SNEAK PEEK: Meet NCIL’s 2025 Keynote Speakers!

Reminder: early bird registration rates for NCIL’s 2025 Annual Conference on Independent Living end this Thursday, May 1!
NCIL is proud to announce a few exciting details about this year’s conference.
The theme for the 2025 March and Rally is Our Lives, Our Homes, Our Communities. Together, we will march through the streets of Washington, DC to send a clear message: we are united and determined to preserve our freedom to live independently in our communities!
In honor of the 35th Anniversary of the Americans with Disabilities Act, we will host a celebration in collaboration with AAPD. A ticket is included with conference registration.
We’ve got an electrifying line up of speakers and a packed agenda. Our Keynote Speakers include:
Keri Gray (Opening Plenary)
Keri Gray is a dynamic entrepreneur, facilitator, cancer survivor, and a passionate advocate for racial and disability justice. As the CEO of Ignite by Keri Gray, she is dedicated to fostering professional communities that are intentional and equitable, with a strong focus on racial and disability justice education. She is the founder of the National Alliance of Melanin Disabled Advocates (the NAMED Advocates), an organization that is reshaping social justice movements’ approach to ableism and building cross-movement solidarity with disabled leaders of color.

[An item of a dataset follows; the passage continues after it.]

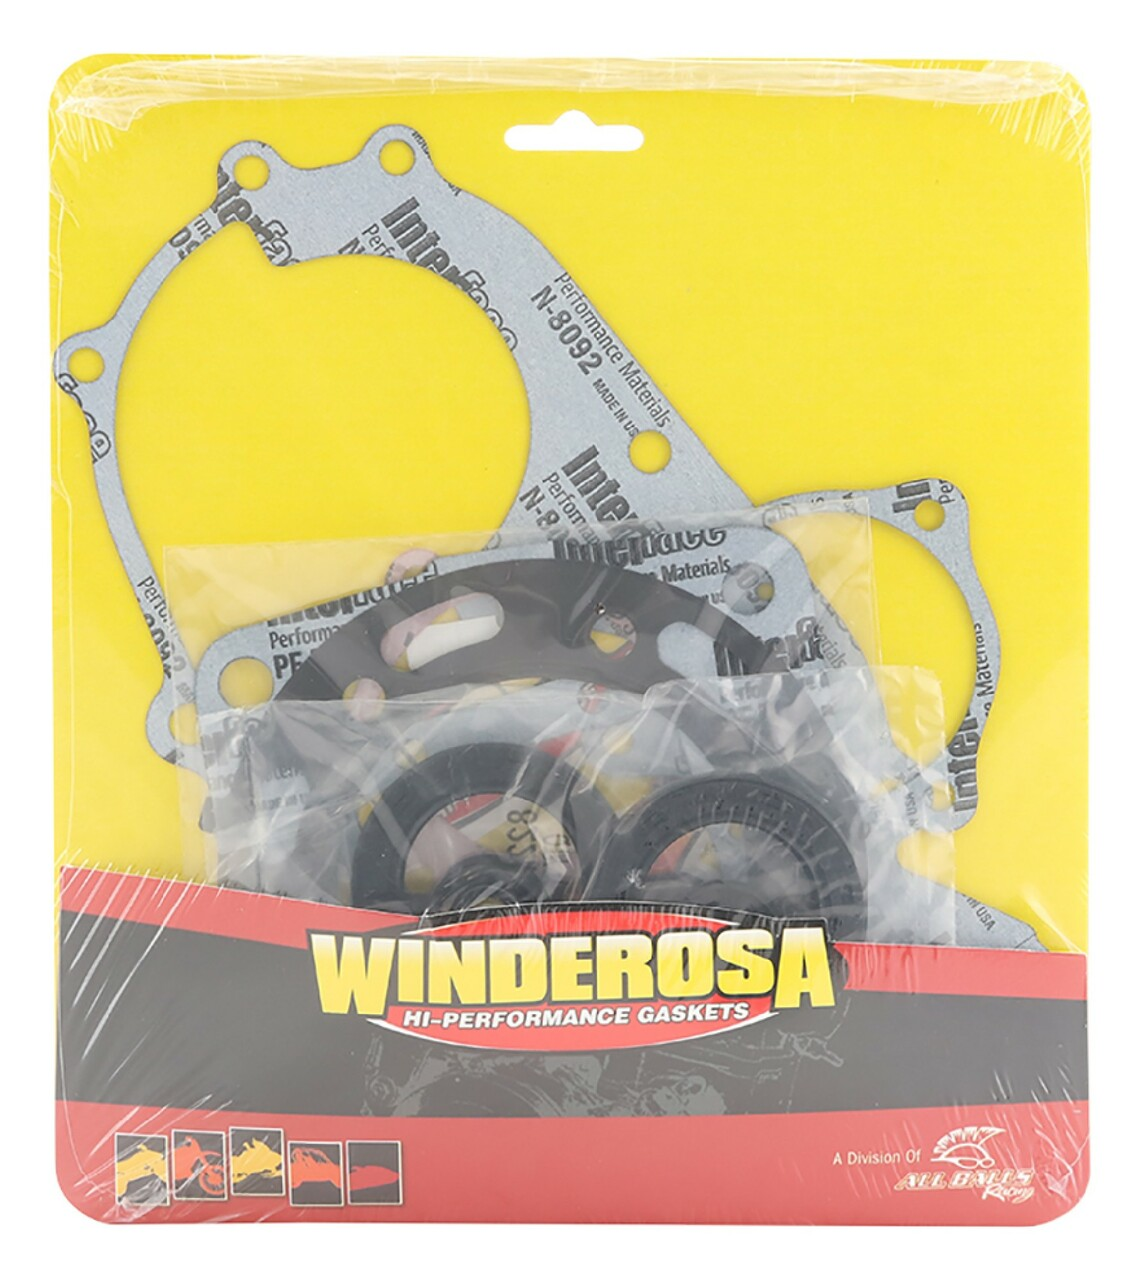 Gasket Set with Oil Seals For 1996 Polaris Xplorer 400 4x4 ATV~Winderosa 811808

Keely Cat-Wells (Awards Luncheon)
Since becoming Disabled in her teens, Keely has worked to advance disability rights. She is the CEO of Making Space, a talent and learning platform that equips Disabled professionals with resources and opportunities to build meaningful careers. Under her leadership, Making Space partnered with NBCUniversal to place the first-ever Disabled hosts on NBC Sports’ Paralympics broadcast for Paris 2024. Their recent documentary “Fight To Fly” exposed the inequalities that Disabled travelers face, triggering policy reform and establishing a Working Group to advise the UK Government.

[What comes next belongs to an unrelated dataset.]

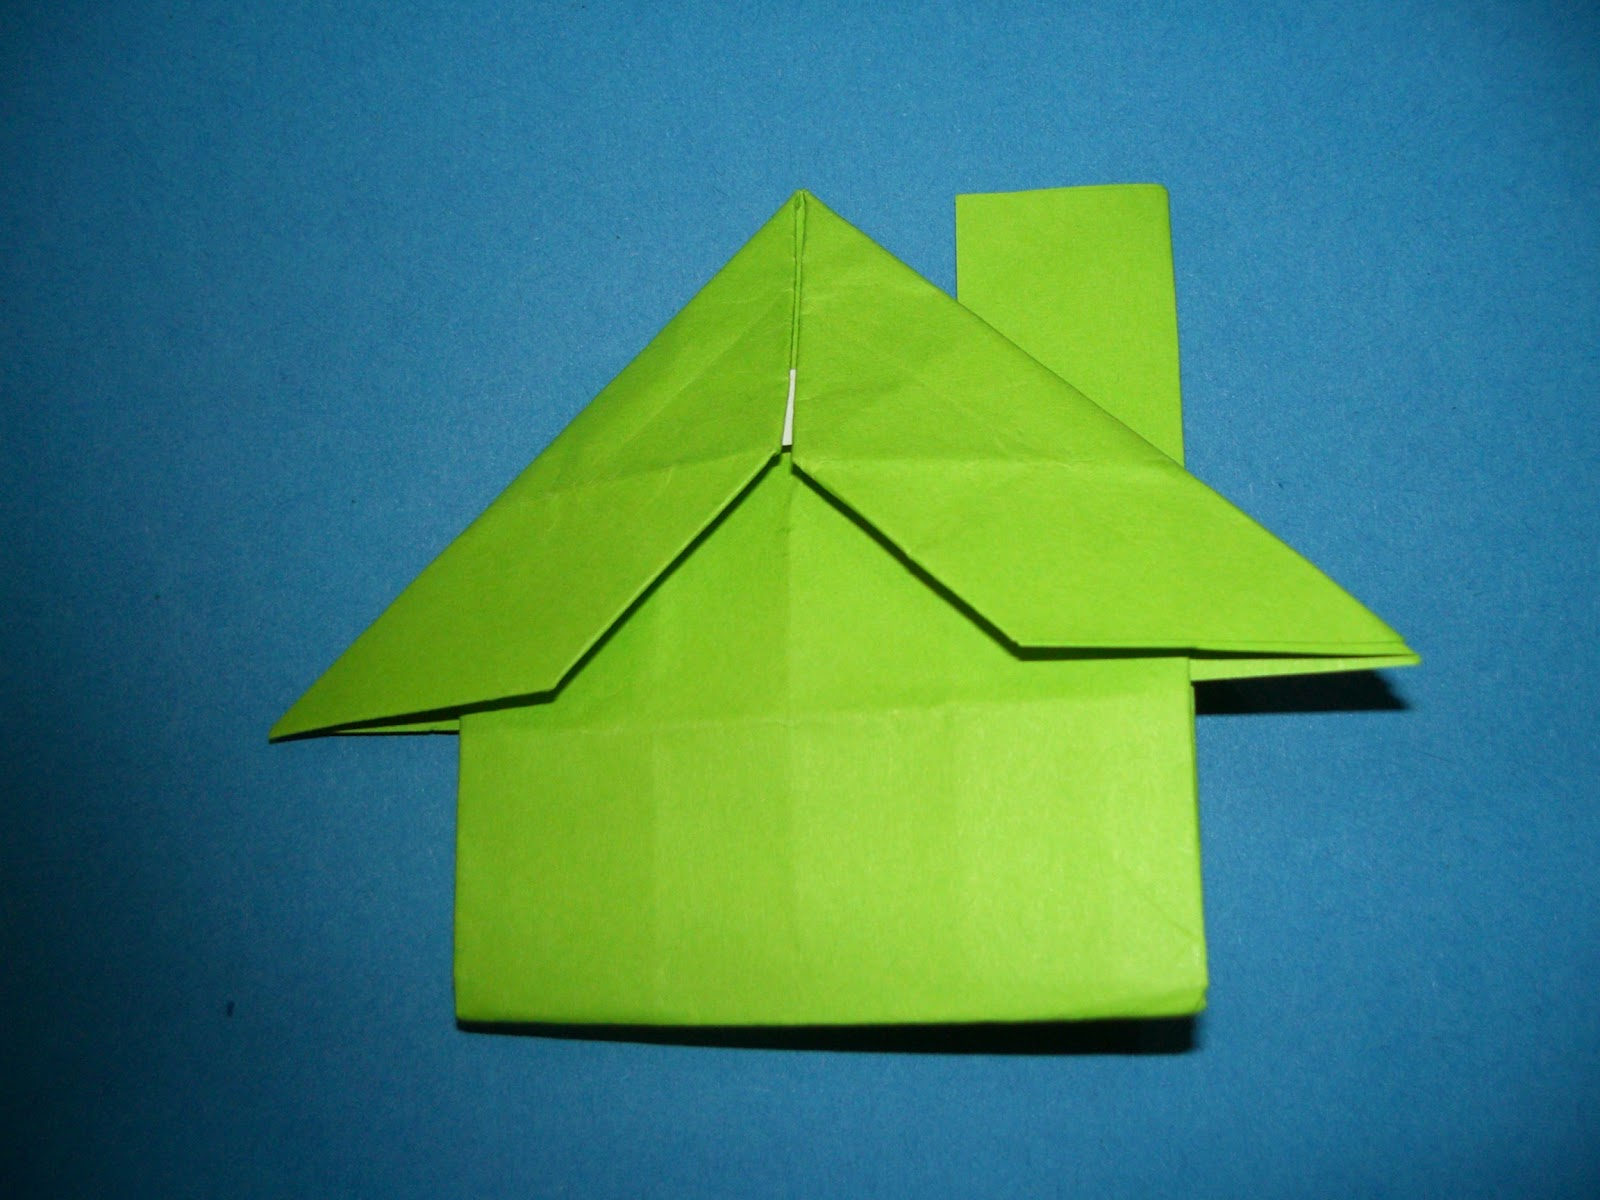 les droits des gones r aliser la maison n 2. Black Bedroom Furniture Sets. Home Design Ideas

Ly Xīnzhèn M. Zhǎngsūn Brown (Closing Plenary)
Ly Xīnzhèn M. Zhǎngsūn Brownis an internationally recognized advocate, community organizer, community builder, and scholar-activist whose work addresses interpersonal, corporate, and state violence targeting disabled people at intersections of race, class, gender, sexuality, faith, language, and nation. They were the 2016 recipient of NCIL’s Diana Viets Award. Ly Xīnzhèn is director of public policy at National Disability Institute, where their work advances financial freedom and economic justice for disabled people via law and policy.